Medvedev’s reappointment of Yury Chaika to another five-year term as prosecutor general is hard to comprehend given the monstrous corruption scandal engulfing the agency. The Investigative Committee has opened criminal cases into senior Moscow region prosecutors on suspicion that they offered protection to an illegal, flourishing gambling business.
The problem is not that Chaika failed to notice the widespread illegal activity within his agency (which is hard to believe), but that senior prosecutors under his supervision actively sought to thwart the investigation. In any modern nation, even a whiff of such a scandal would have meant a swift resignation for Chaika and an end to his career.

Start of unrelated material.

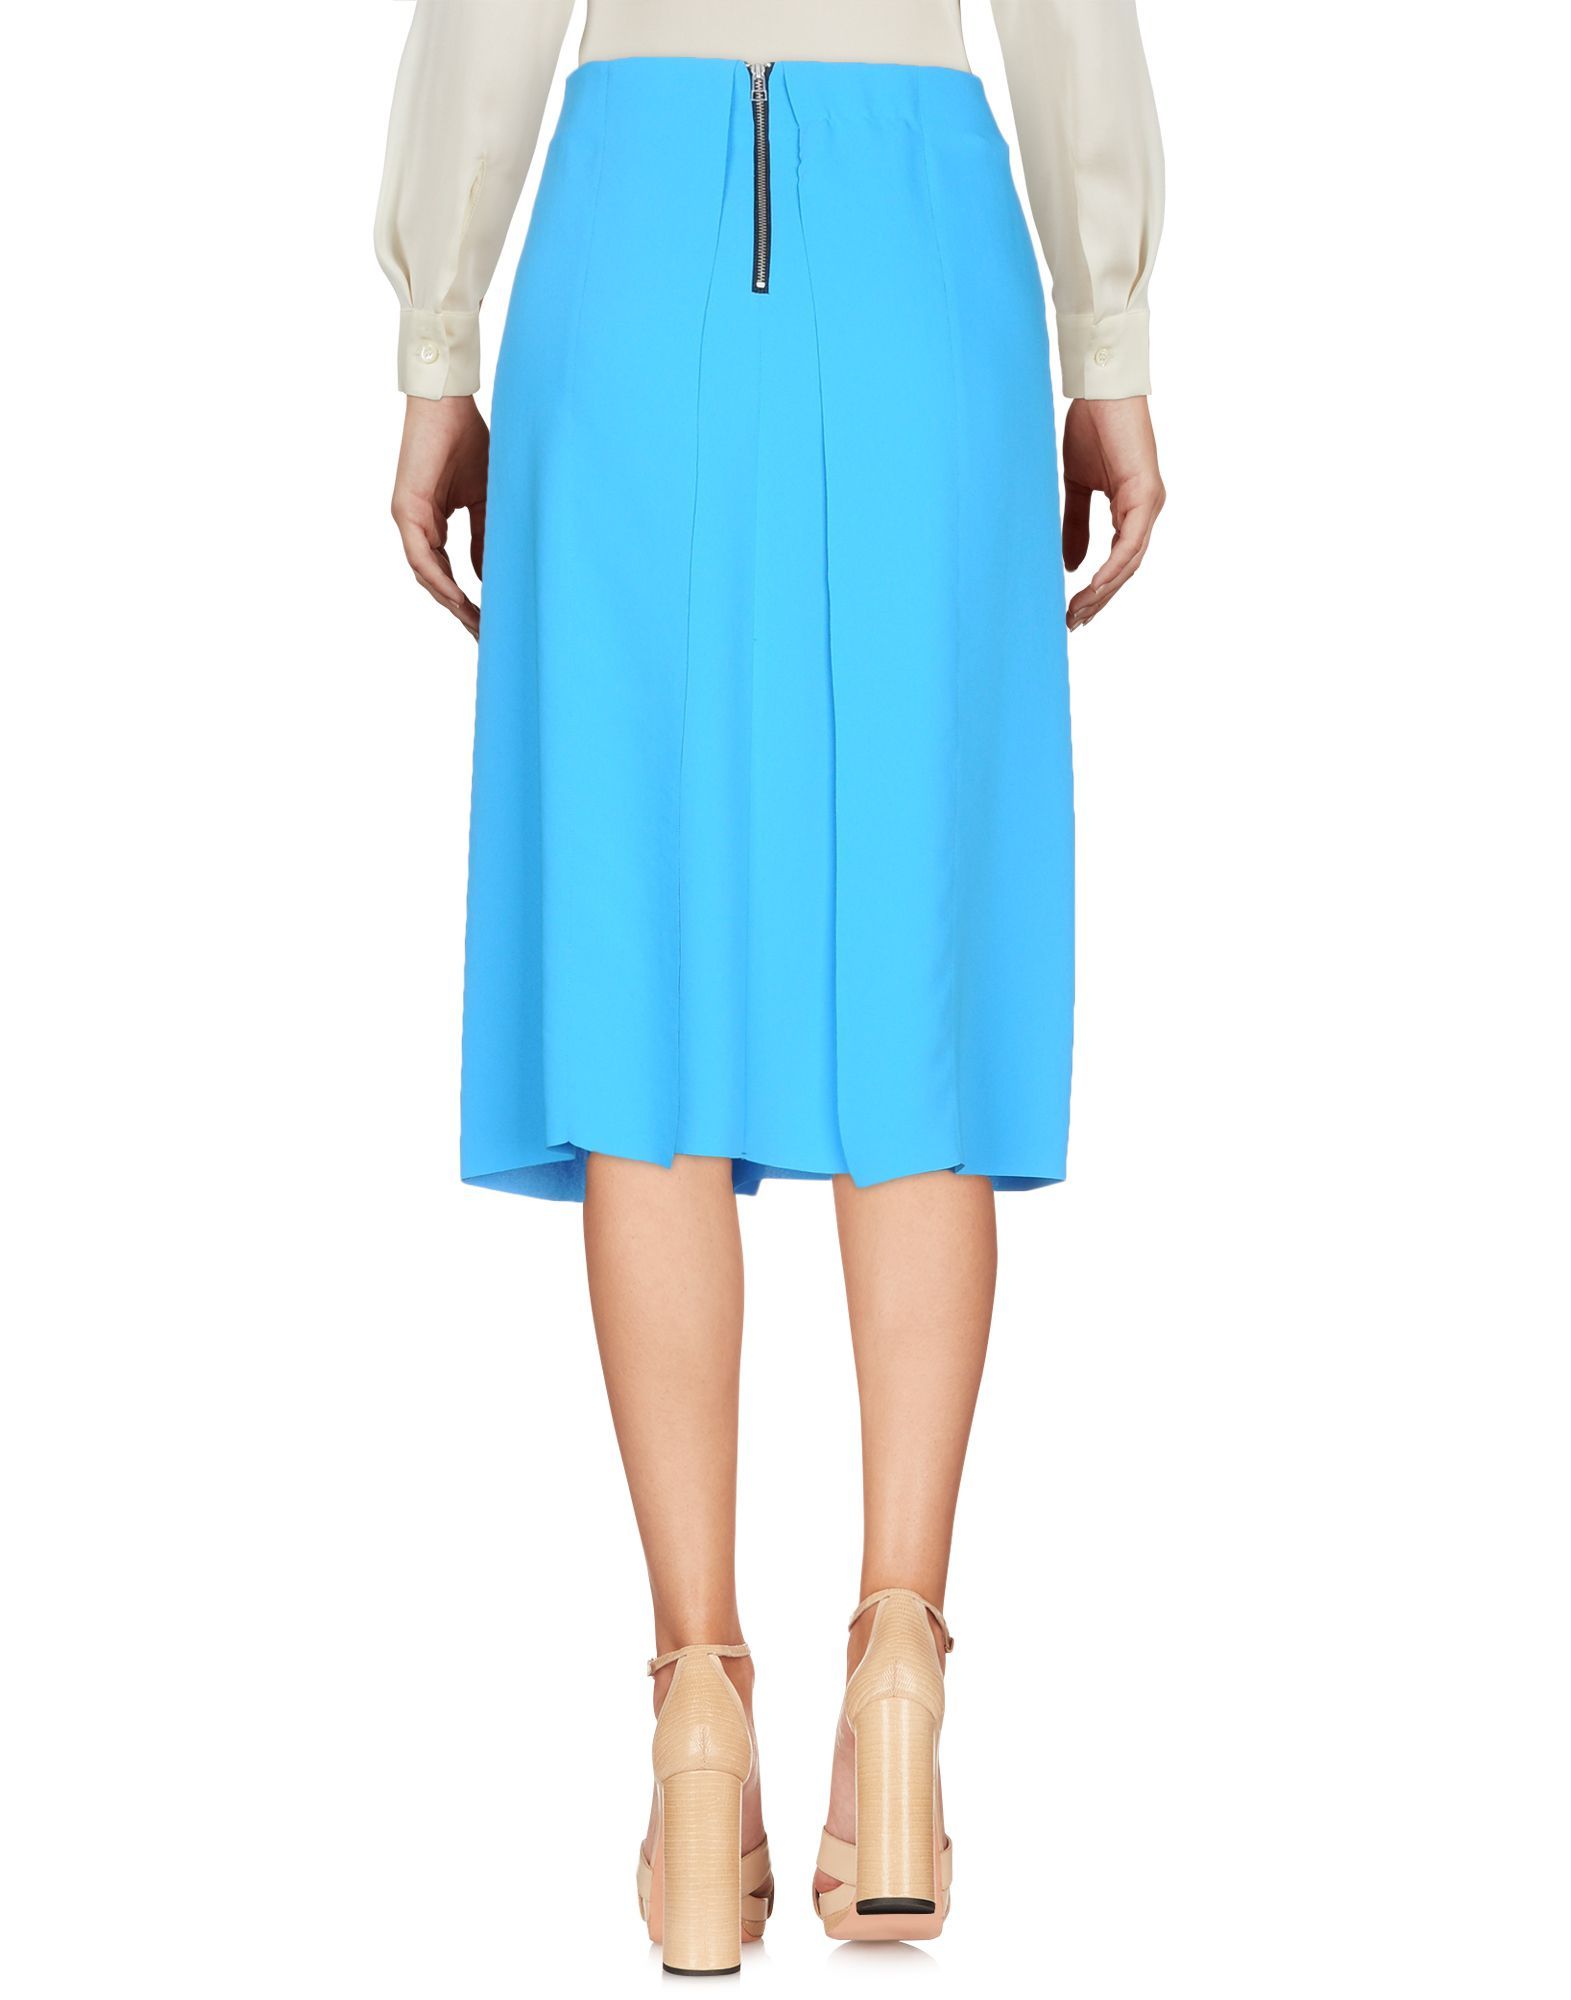 crepe, no appliqués, basic solid colour, no pockets, rear closure, zipper closure, unlined, skirt

Medvedev’s reappointment of Chaika puts in doubt the president’s commitment to his anti-corruption agenda. It shows that Medvedev is, at best, inconsistent and, at worst, hypocritical. It has helped undermine the public trust in the president, as a recent Levada poll shows.
Then there was Medvedev’s clumsy attempt to remove St. Petersburg Governor Valentina Matviyenko and appoint her speaker of the Federation Council, a power the president does not legally have under the Constitution.
The problem is not that this action discredits an important state institution; after all, the Federation Council is a motley crew of demoted governors and sulking billionaires. The problem is that Medvedev misled the public. Matviyenko failed as governor. Had Medvedev fired her, as he did with Mayor Yury Luzhkov, he would have come across as a crusader against bad government. But Medvedev opted for an obvious ruse.
This runs counter to his calls for more decentralization and government accountability. One day he complains that the system needs fixing because the Kremlin can’t effectively manage and control everything. The next day he announces decisions only an emperor could make.
It is hard to figure out where the real Medvedev is. He says one thing and then does the opposite. He is all over the place.
Putin is different, however. At least he does what he says, and you know what to expect from him, even though you might not like it.
We now know who Mr. Putin is. But who is the real Mr. Medvedev?
Vladimir Frolov is president of LEFF Group, a government-relations and PR company.